I have no problem with the notion that my interactions this evening are describable on all these levels simultaneously. Scientific knowledge derives its explanatory power via abstraction and reductive analysis, through concentration on the layers of reality one layer at a time.
Without hesitation I would say that an understanding of how the Shema Israel works from the points of view of linguistic anthropology and political theory is compatible with responding to the call the Shema makes on my life in terms of its origin in the one true God, the principle of justice, the sustainer of all that is, a devouring fire, and the arbiter of the future.
What's so hard about that?
I think it's hard only for people who think of their relationship with God as some sort of cheap magic trick. The Wizard of Ox furiously manipulating levers to no avail.
Fine, that may be an accurate description of the God of some fundamentalists. And it would be easy to caricature the God of some liberals as a nice warm fuzzy, cute and cuddly.
But let's be honest, the God of Gen 1, Gen 12, Exod 20, Deut 6, and Deut 26 has an entirely different specificity. There is a deeper magic about it, a magic, finally, that is summed up in works like the Lion, the Witch, and the Wardrobe in ways even a complete agnostic will understand even if she withholds her heart's assent in the end.
Posted by: JohnFH | December 15, 2009 at 10:11 PM
John, I had no illusions that this book would explain anything about the Bible's uniqueness or divinity away for you. Nothing could do that. You're a fideist.
For some, however, these reductive explanations of the Bible are simply too much. That's all I was saying.
BTW, I found some money to buy Tawil!
Posted by: Alan Lenzi | December 16, 2009 at 12:12 AM
Fair enough.
And perhaps Habakkuk got it right when he heard, of a vision of justice, that "the righteous shall live by its faithfulness." That is, in virtue of faith in its faithfulness.
Wait to see how often Tawil cites Ludlul!
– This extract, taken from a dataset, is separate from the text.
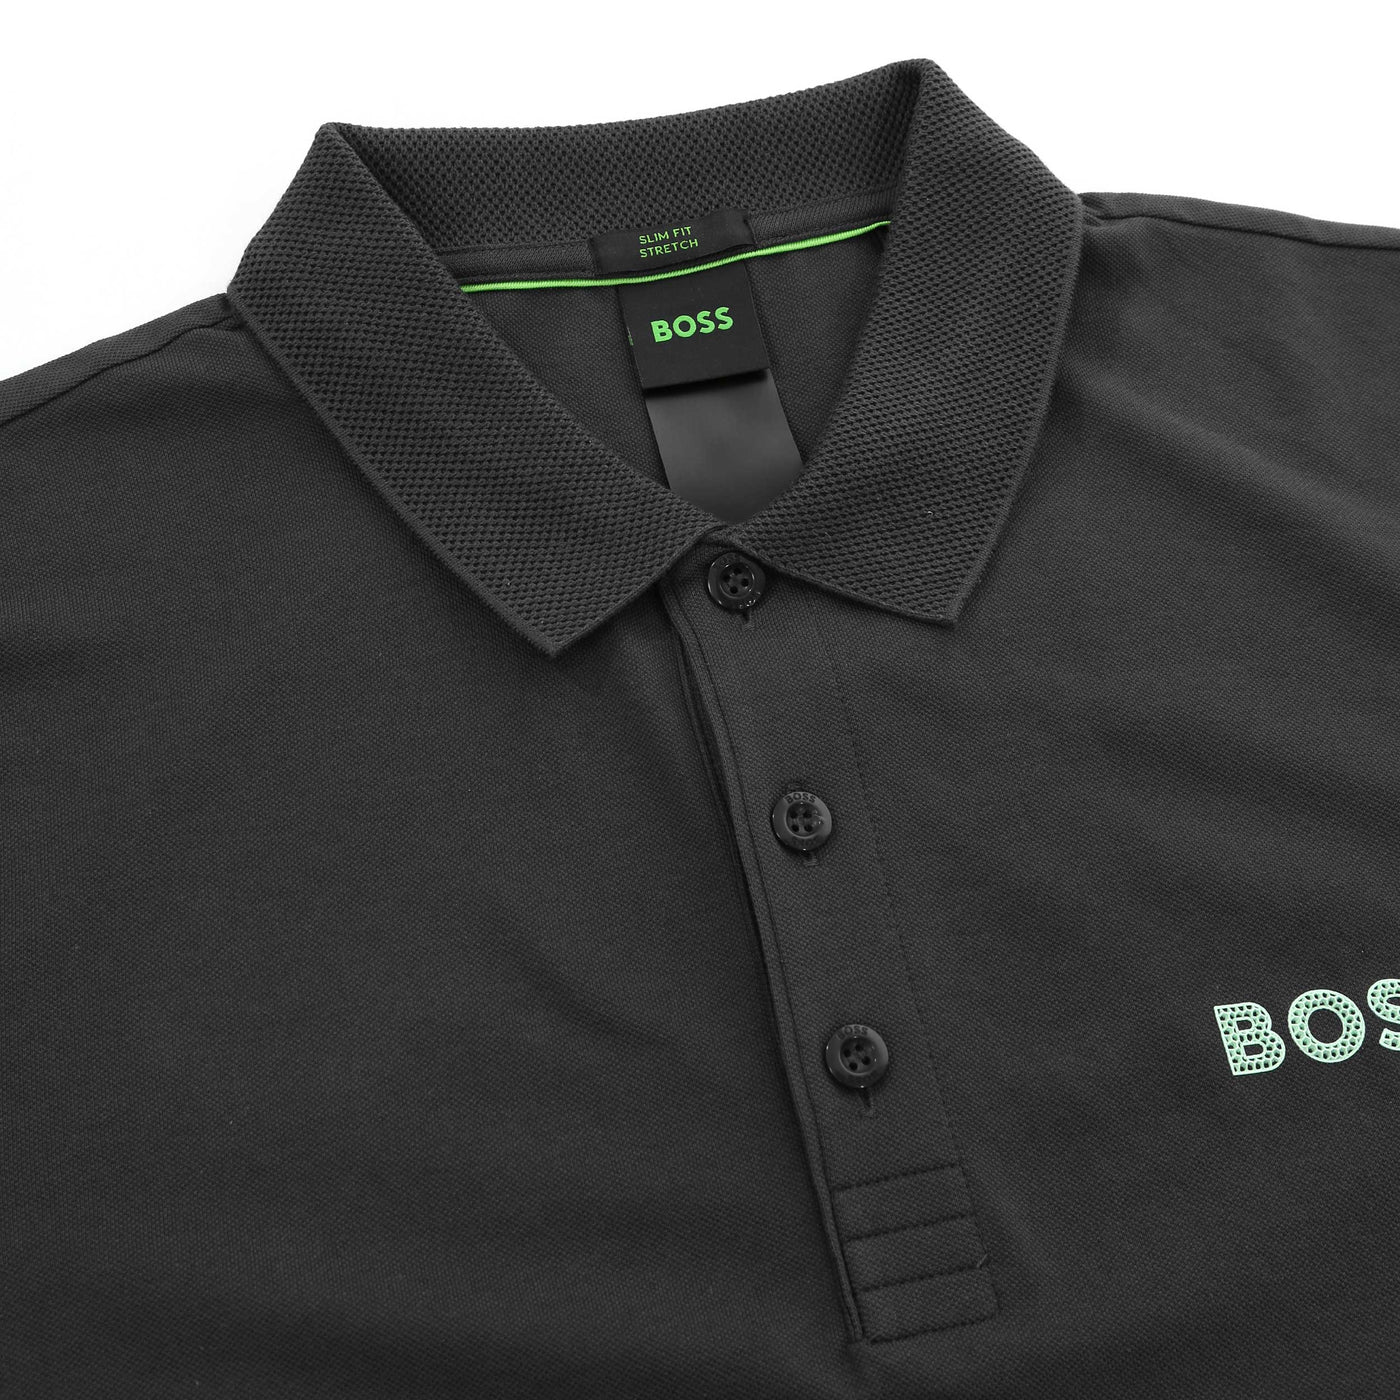 BOSS Paule Polo Shirt in Charcoal Placket

Posted by: JohnFH | December 16, 2009 at 12:22 AM
Hi Alan,
Yes, the tension between explaining and explaining away the political power of religious language is absolutely at the heart of the first chapter. Emphasis on tension :-)
Posted by: Seth L. Sanders | December 16, 2009 at 03:00 PM
John, You put modal analysis in a lovely, non-jargonish way. Nice. Where did you pick it up?
Ray
Posted by: Raymond Van Leeuwen | January 08, 2010 at 08:18 AM
Hi Raymond,
I think I metabolized it back in our Toronto days. Some IVP book by a David Mackay, if I remember correctly, and a popularization or two of Dooyeweerd's thought, or someone of his school.
If you know of a good technical presentation of modal analysis theory, feel free to cite it.